Task description:
Send back the line that contains "Kochira Taihou 03 23" and all lines following it through the end of the data below, exactly, omitting pictures.

Information supplied:

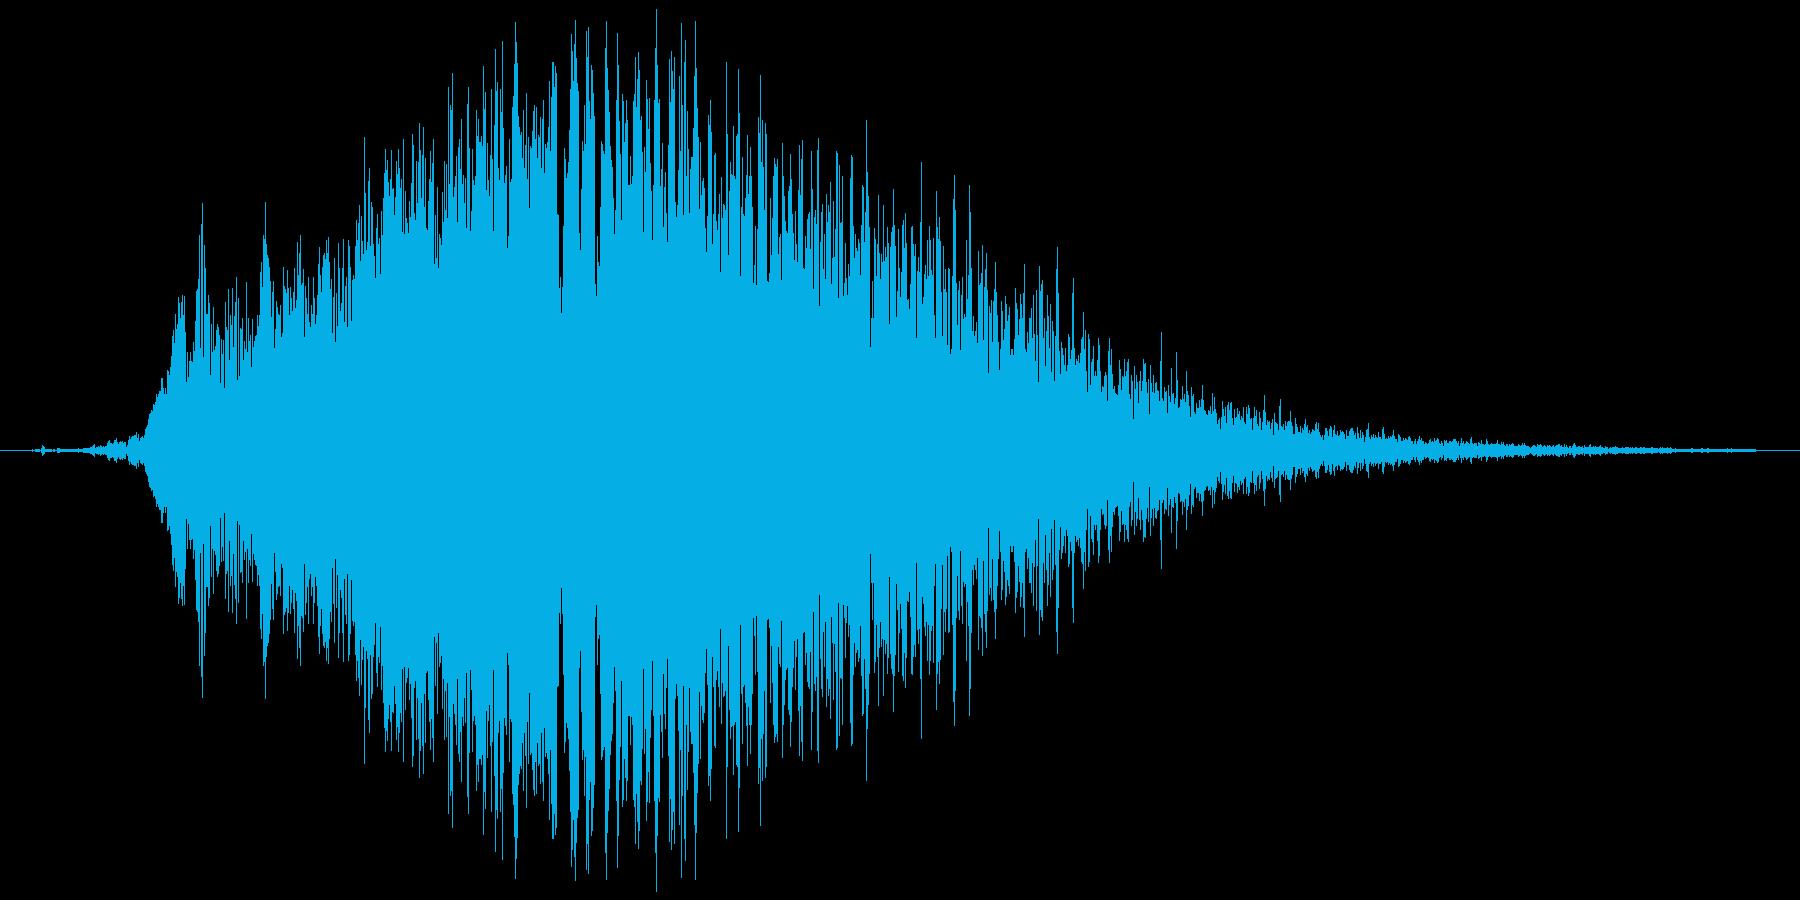 (おばけの呪文)の再生済みの波形
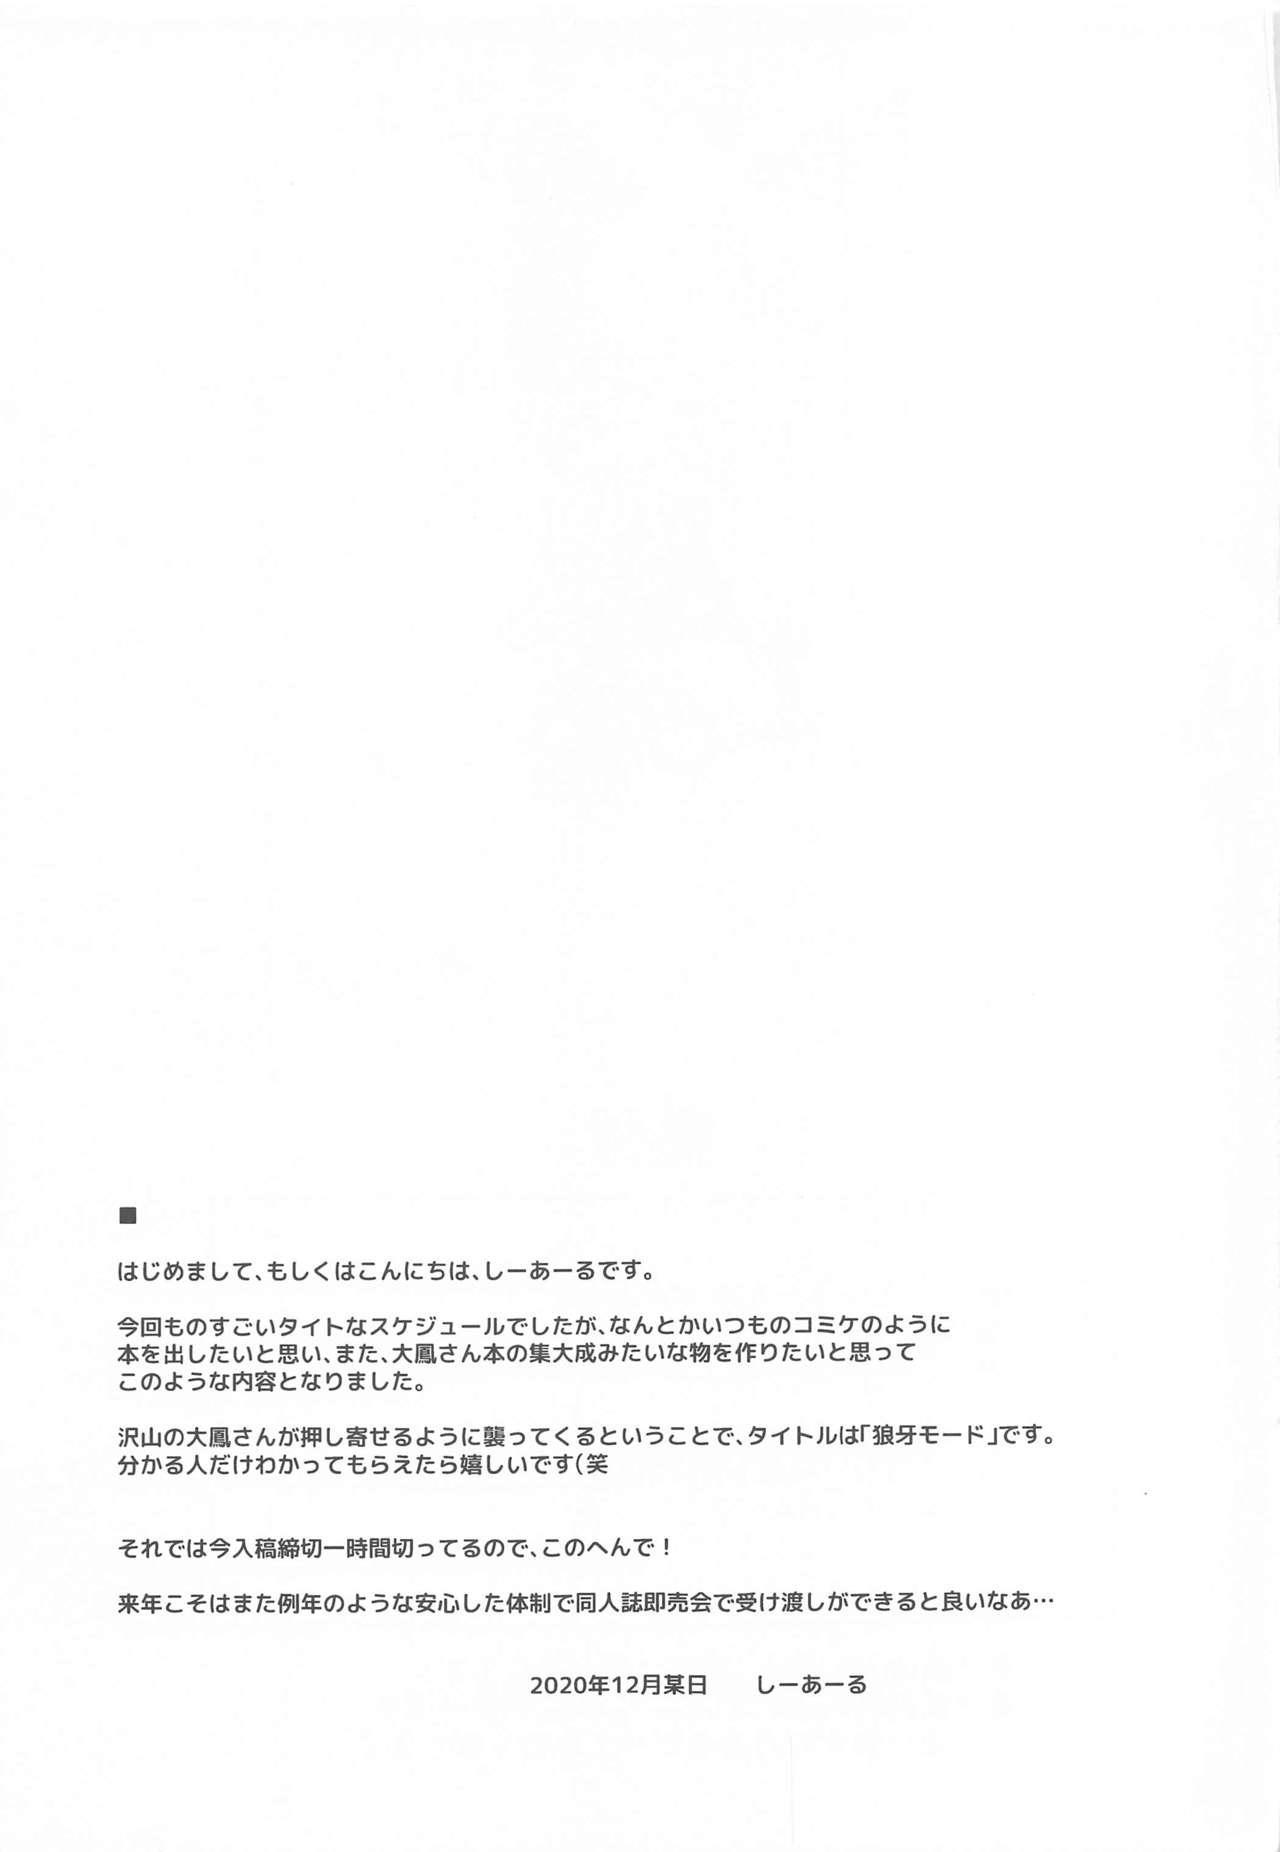 Kochira Taihou 03 23
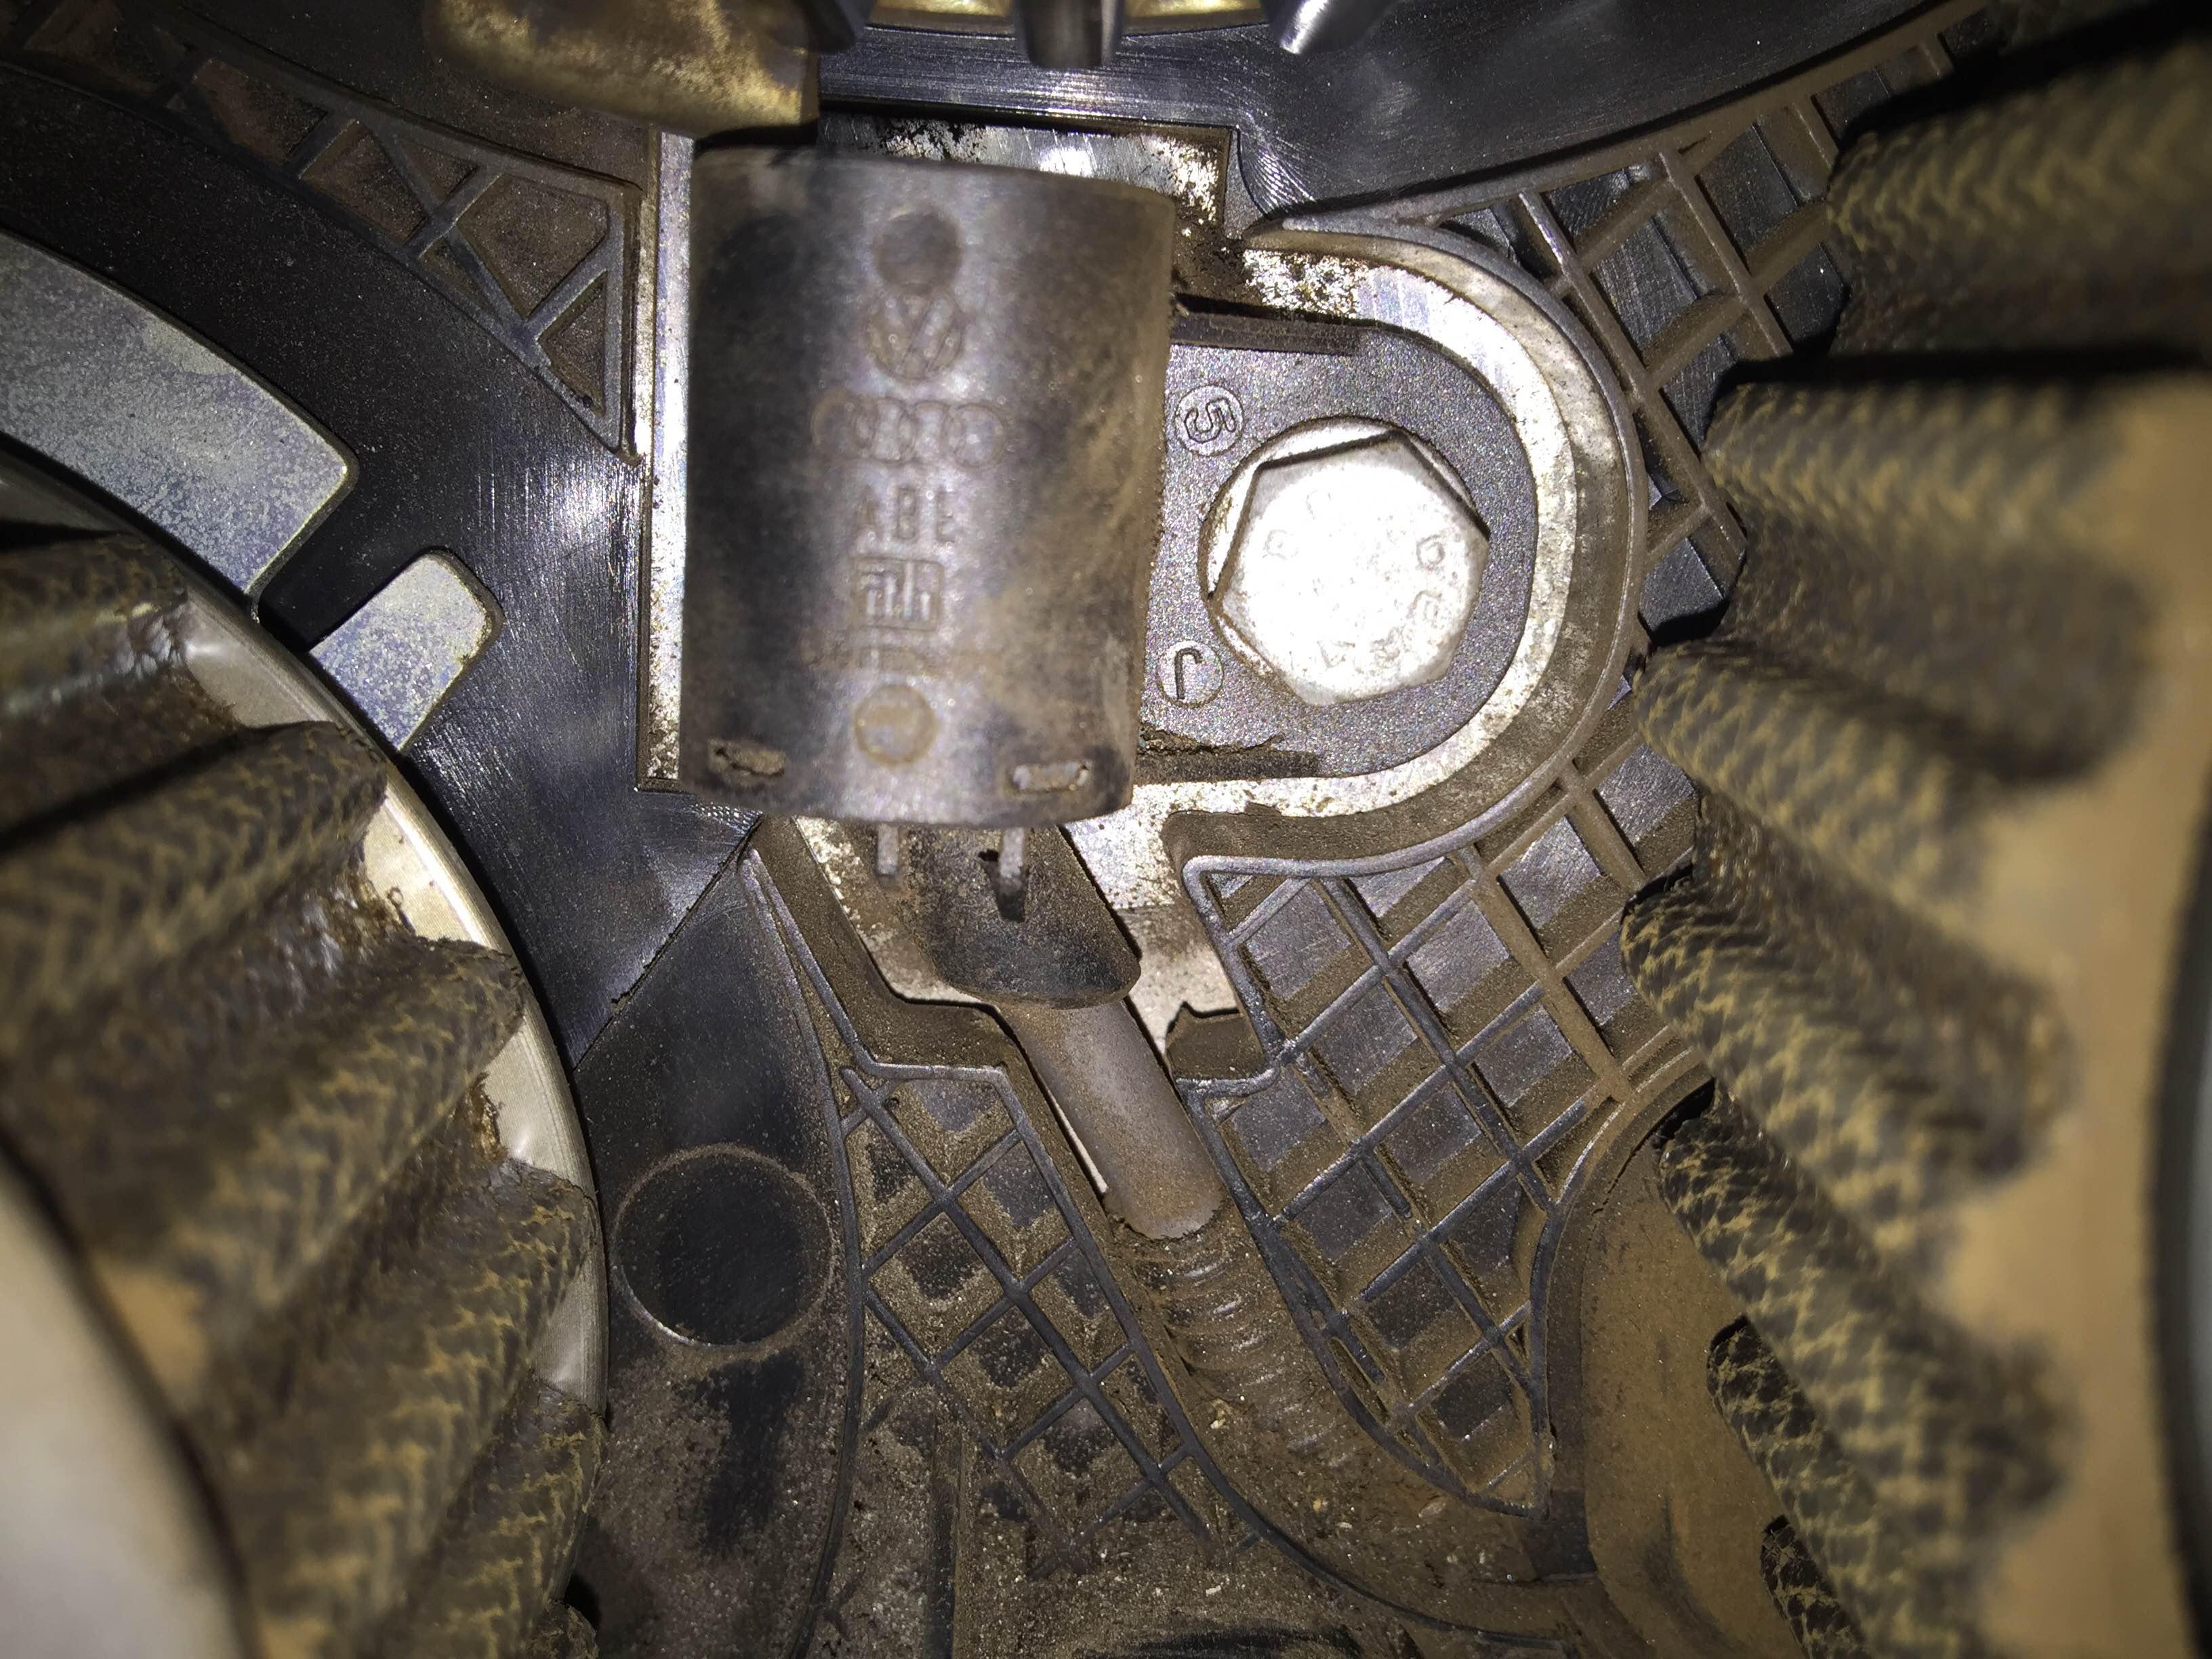 Camshaft Position Sensor G40 Hall Sensor Replacement A6 2 0 Bre Rough Running Audi Sport Net

Written response:
 Kochira Taihou 03 23
 Camshaft Position Sensor G40 Hall Sensor Replacement A6 2 0 Bre Rough Running Audi Sport Net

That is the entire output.